Theres really not awhole lot of a difference other than the stackability issue.

It's really just your personal taste...


----------



## TheOldSalt (Jan 28, 2005)

Branch sucks.

I personally wouldn't touch either with a ten foot pole, but if you just have to have one of these, go with the fiji, not the tonga branch. Branch is just encrusted chunks of non-porous, superdense Acropora skeletons whish are pretty much worthless as live rock. Their chief use is as decoration, not system building.


----------



## AshleytheGreat (Jul 24, 2005)

TOS, what would you say is the best live rock to get?


----------



## Osiris (Jan 18, 2005)

I agree, branching is only good for a cool design or two, but stacking it blows. I use tonga branch, tiny pieces for frags as it's easy to set next to a coral..

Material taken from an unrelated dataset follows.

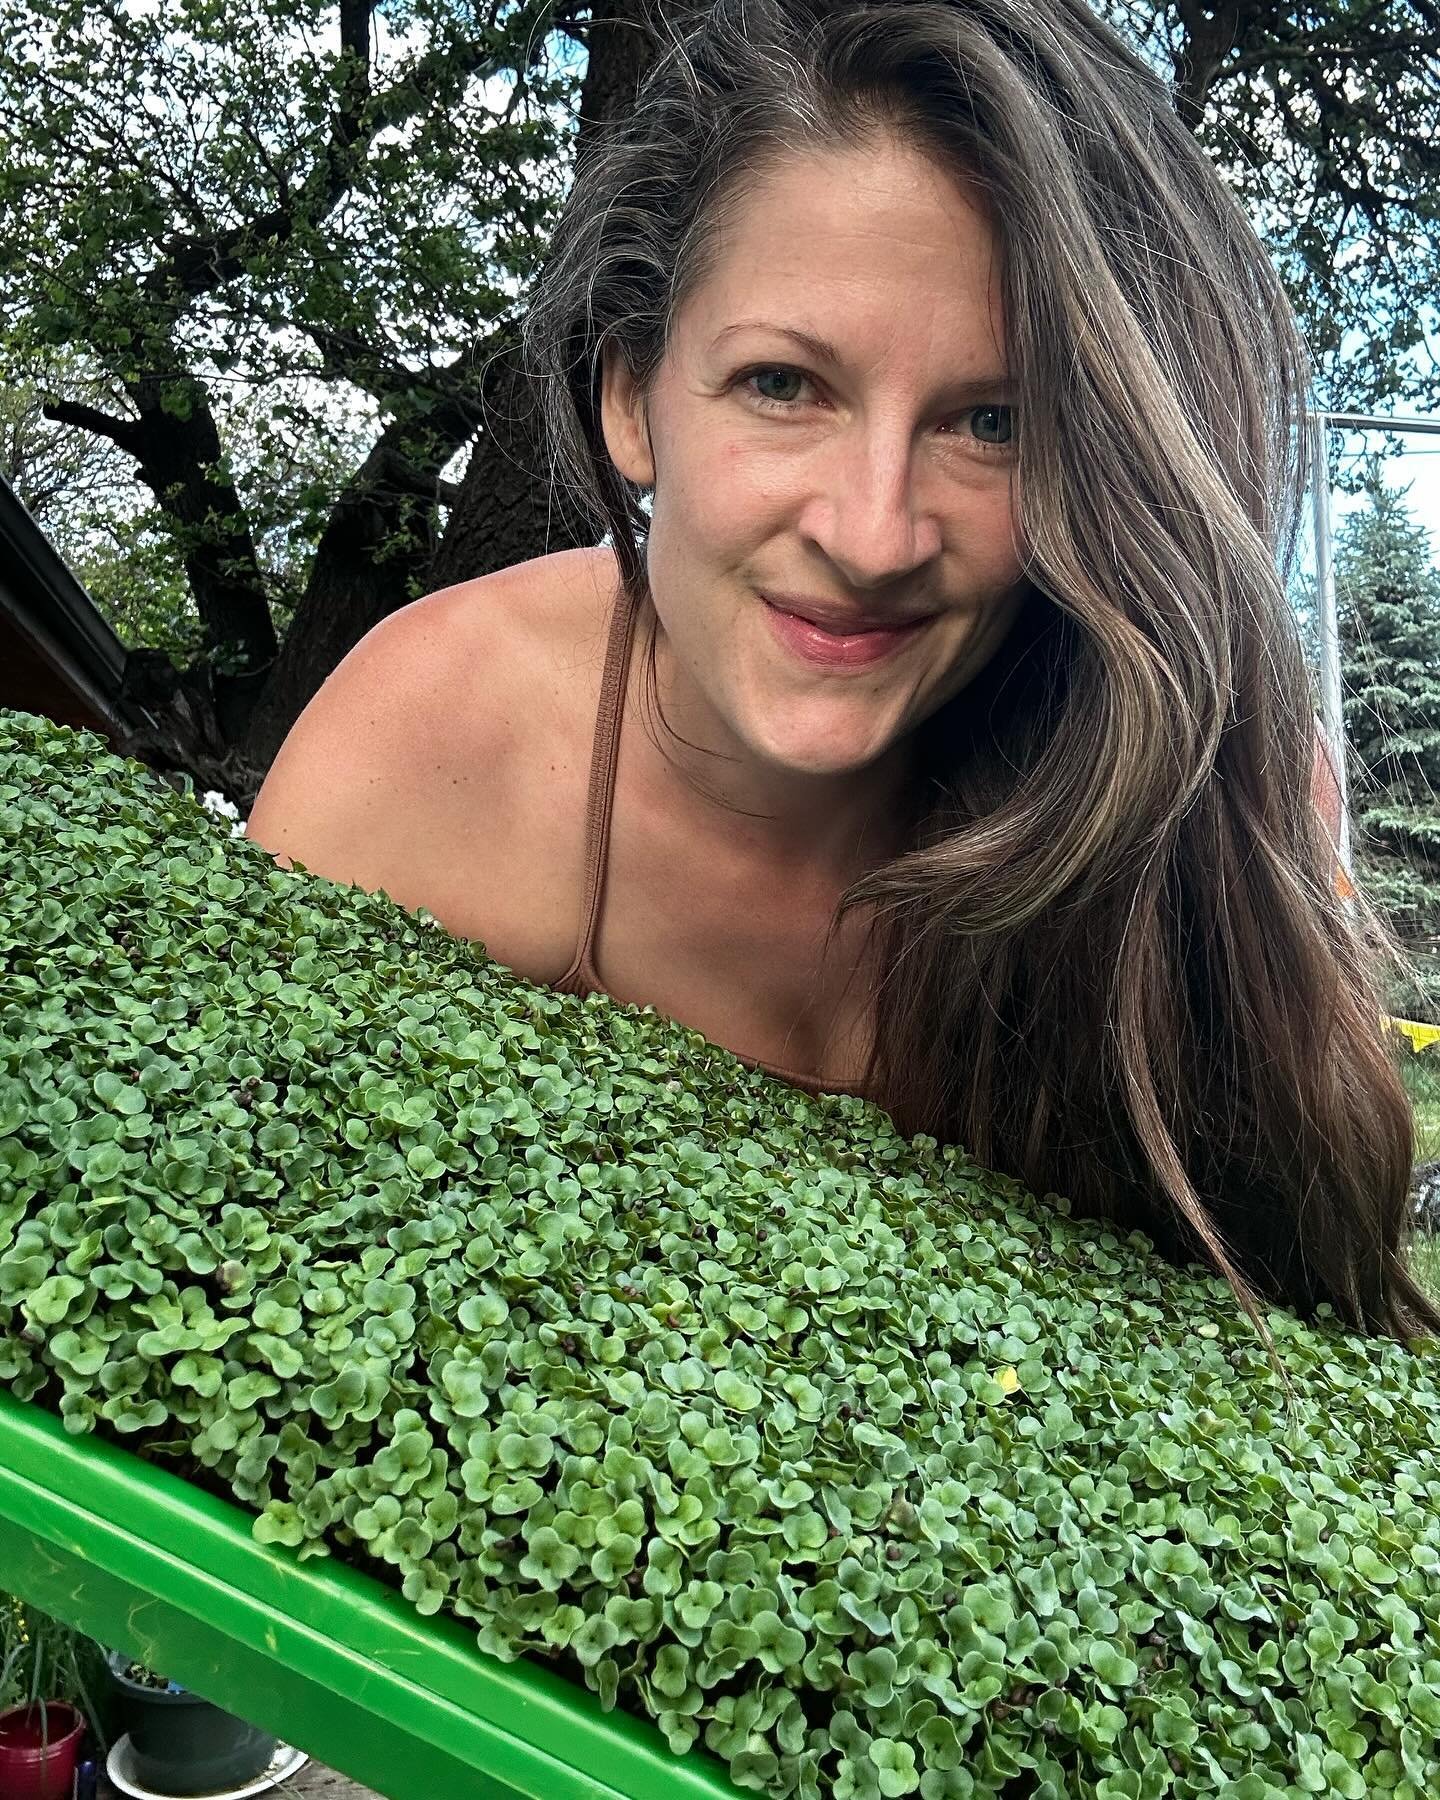 Winter is a litter rough around here for microgreens not quite right temps or humidity. But I&rsquo;m gonna start some more rounds up April 1st and that&rsquo;s no joke! Who&rsquo;s with me? Are you interested in growing micro greens or salad greens

My personally favorite one im getting 2 boxes of is the Lalo Rock, that stuff is soo nice.


----------



## leveldrummer (May 27, 2005)

those two types of rock are offered at just ONE of my lfs, it has the best reputation around the area for salt water, but their are others that offer other rock, i was just wondering about the branch because i hear EVERYONE talk about fiji. i dont know why though. what kinds of rock are good for an ecosystem? stackability isnt an issue, dealing with cichlids, ive become a rock stacking pro. if i had 20 spheres, i could stack them into a perfect square, and it not topple down, lol.


----------



## TheOldSalt (Jan 28, 2005)

I like Caribbean/Gulf of Mexico rock. It looks fantastic with a wide array of colors, the great profusion of critters on it survive very well, it's highly porous ( but a bit denser than fiji ) and best of all, it doesn't have all those blasted planarians on it. It comes in many showy shapes from boulder to shelf to stand-alone sculpture, and it often has corals already on it.


----------



## leveldrummer (May 27, 2005)

planarians? 'splain please?


----------



## Fishfirst (Jan 24, 2005)

planarians=pain in the butt


----------



## leveldrummer (May 27, 2005)

haha ok, can you go just a tiny bit deeper? im not looking for a websters definition, just a quick, " its some little dudes that live on the such and such", would work just fine.


----------